■ EXTRACTED ENTRIES ■

*** Begin section ***

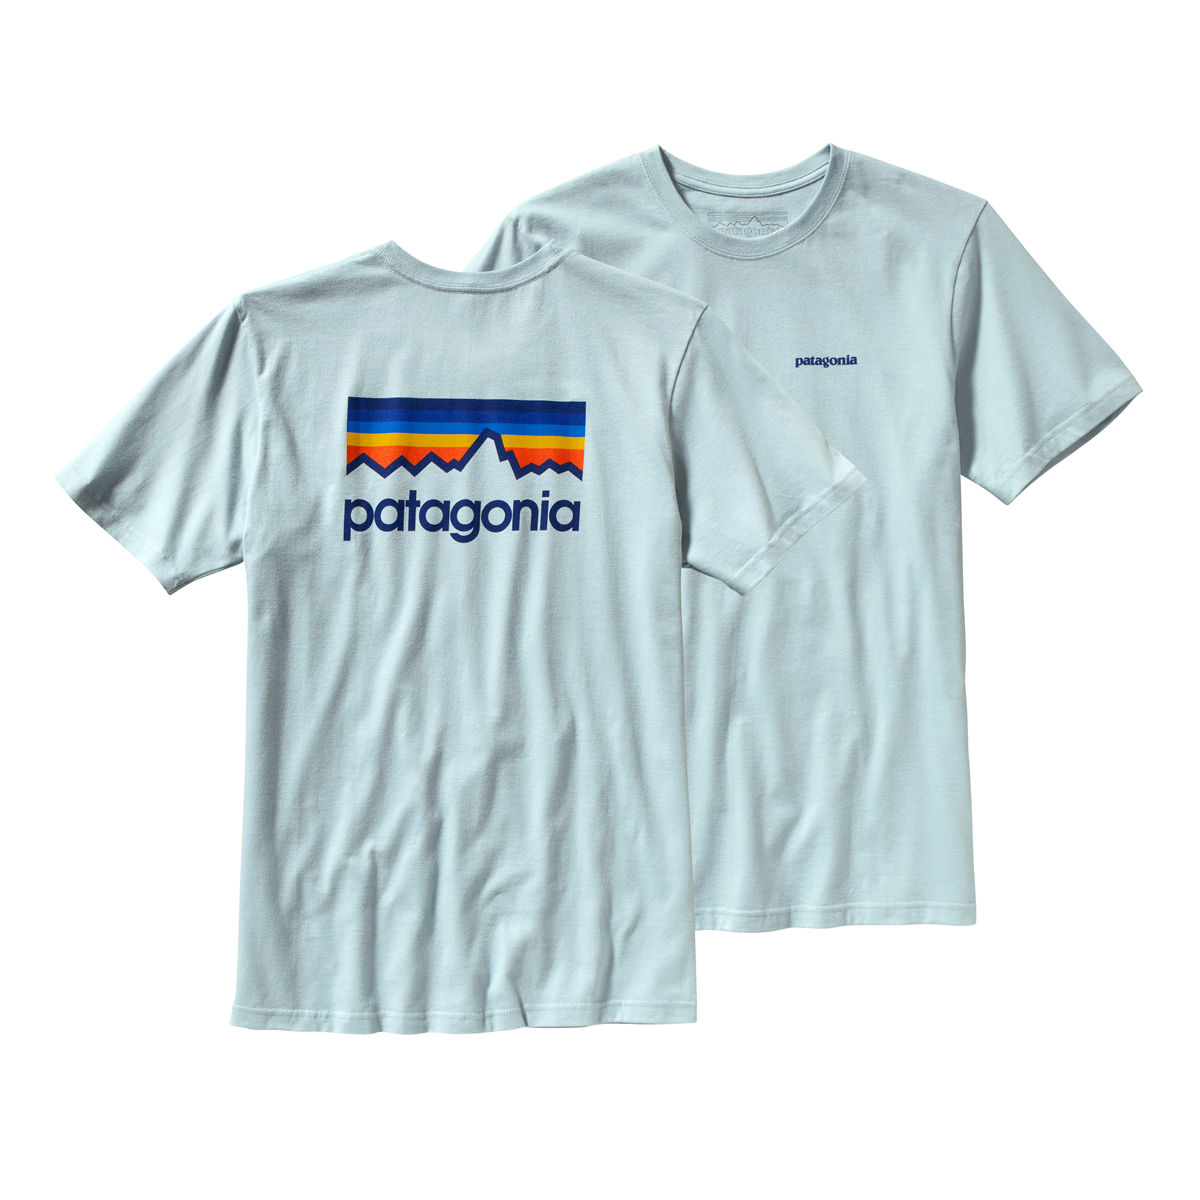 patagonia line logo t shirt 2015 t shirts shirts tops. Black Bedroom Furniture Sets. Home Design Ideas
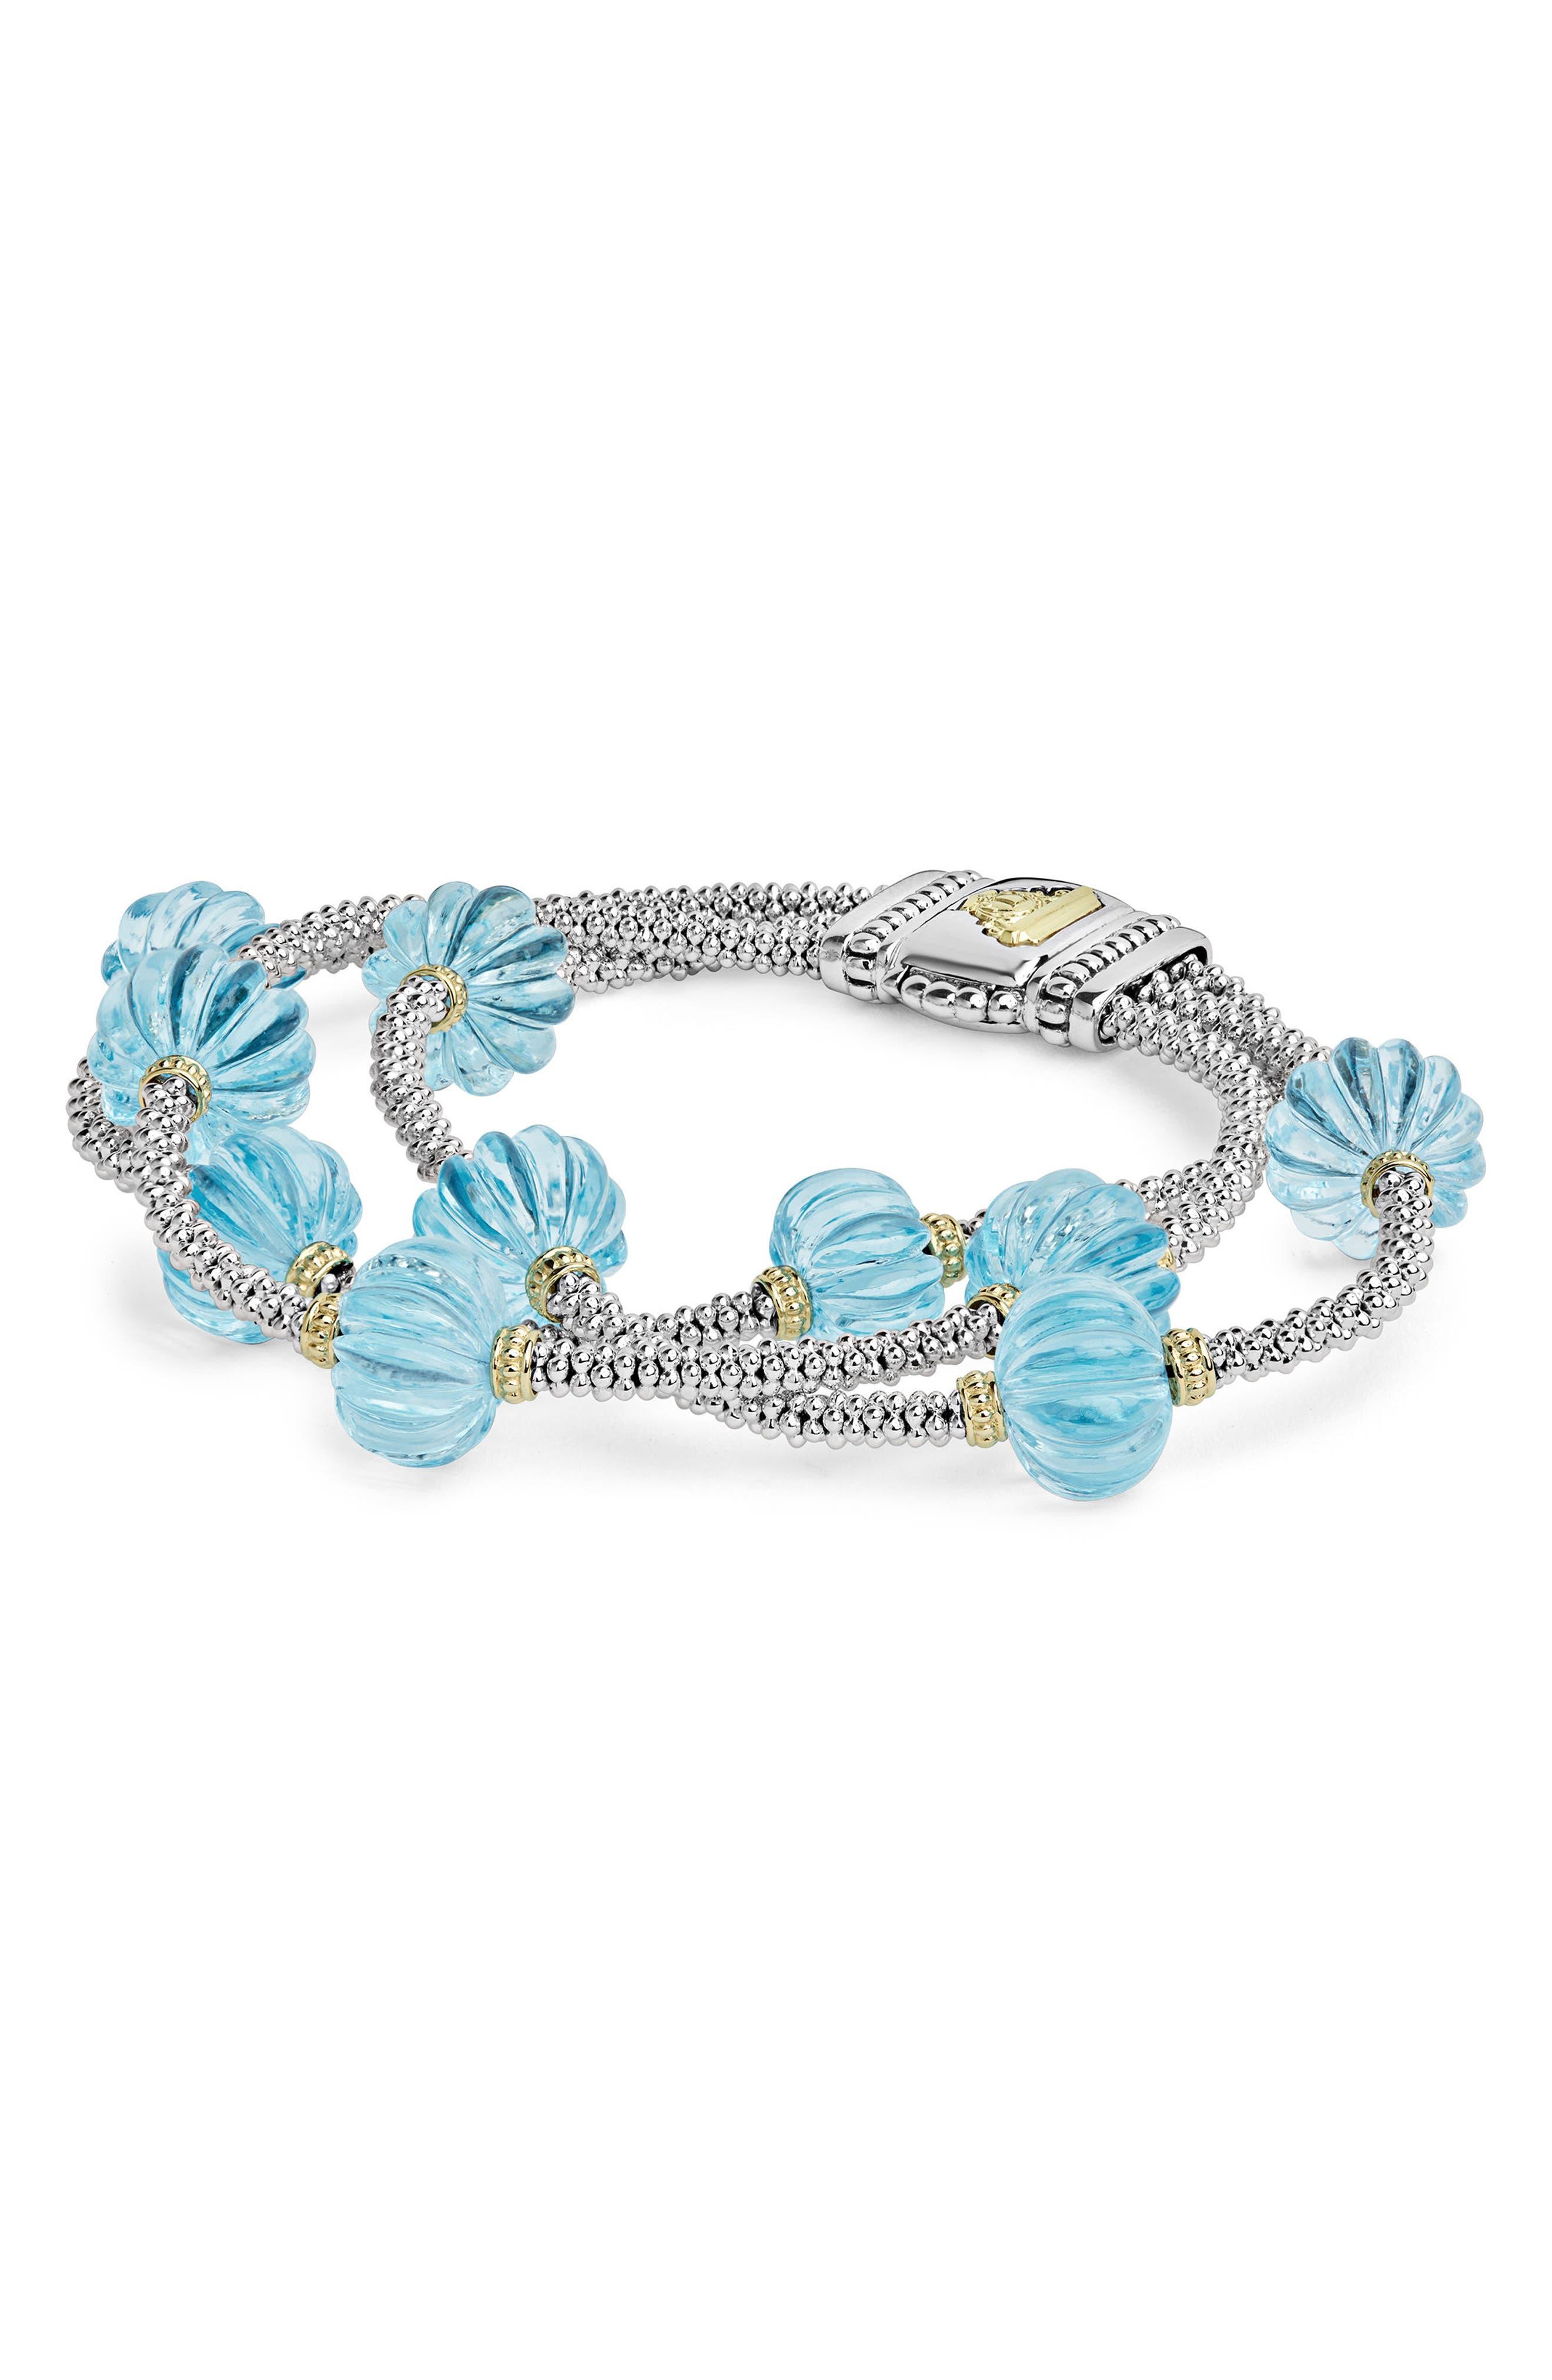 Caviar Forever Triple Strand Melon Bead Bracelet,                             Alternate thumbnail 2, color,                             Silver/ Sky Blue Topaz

*** End section ***
*** Begin section ***

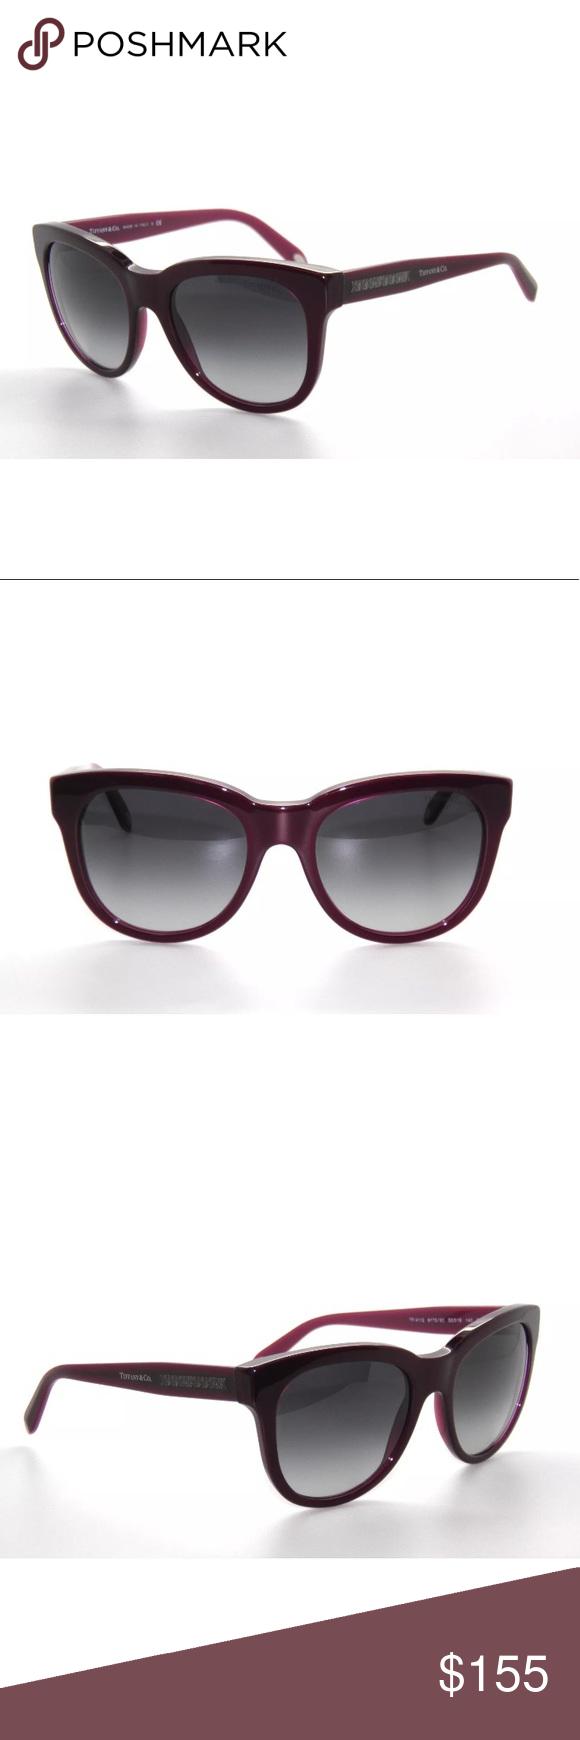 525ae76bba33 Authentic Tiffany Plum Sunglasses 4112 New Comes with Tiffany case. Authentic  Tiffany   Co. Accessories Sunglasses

*** End section ***
*** Begin section ***

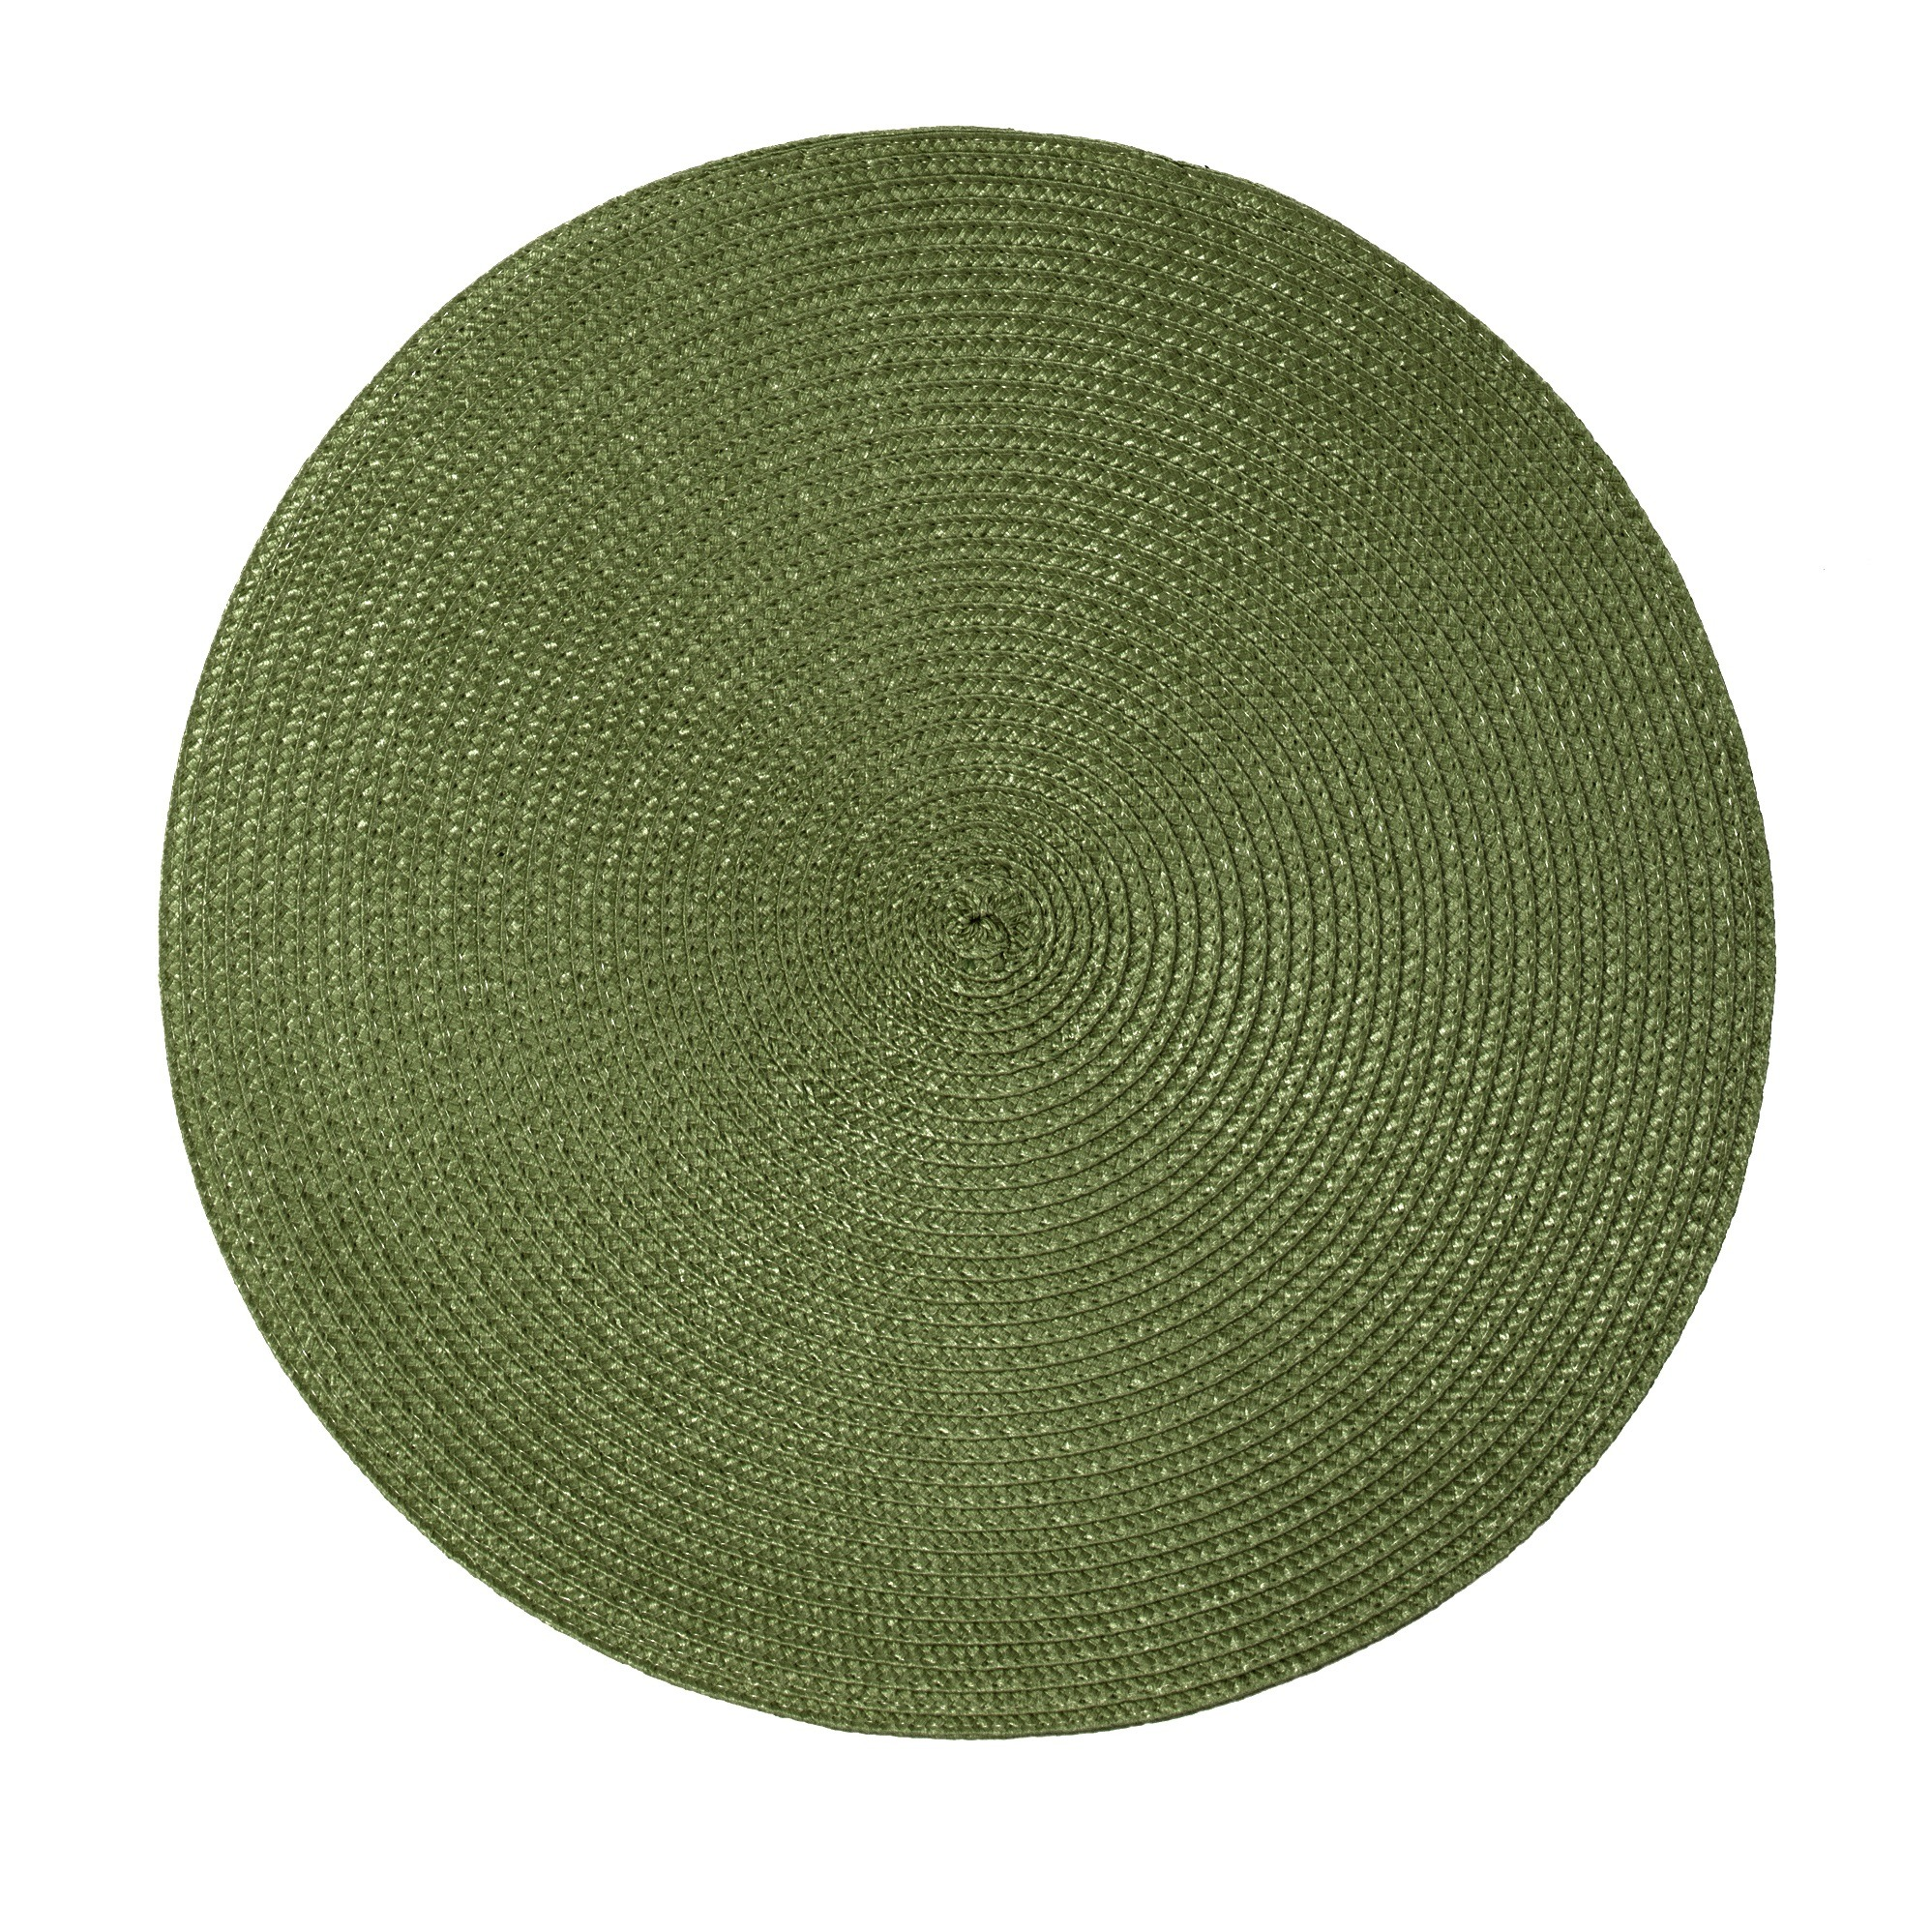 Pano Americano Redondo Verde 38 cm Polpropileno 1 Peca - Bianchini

*** End section ***

■ TASK ITEM ■
Everything above from the line containing "patagonia line logo" through the line containing "Caviar Forever Triple" must be repeated exactly, and the pictures must be left out.

■ RESULT FOR THIS TASK ■
 patagonia line logo t shirt 2015 t shirts shirts tops. Black Bedroom Furniture Sets. Home Design Ideas
 Caviar Forever Triple Strand Melon Bead Bracelet,                             Alternate thumbnail 2, color,                             Silver/ Sky Blue Topaz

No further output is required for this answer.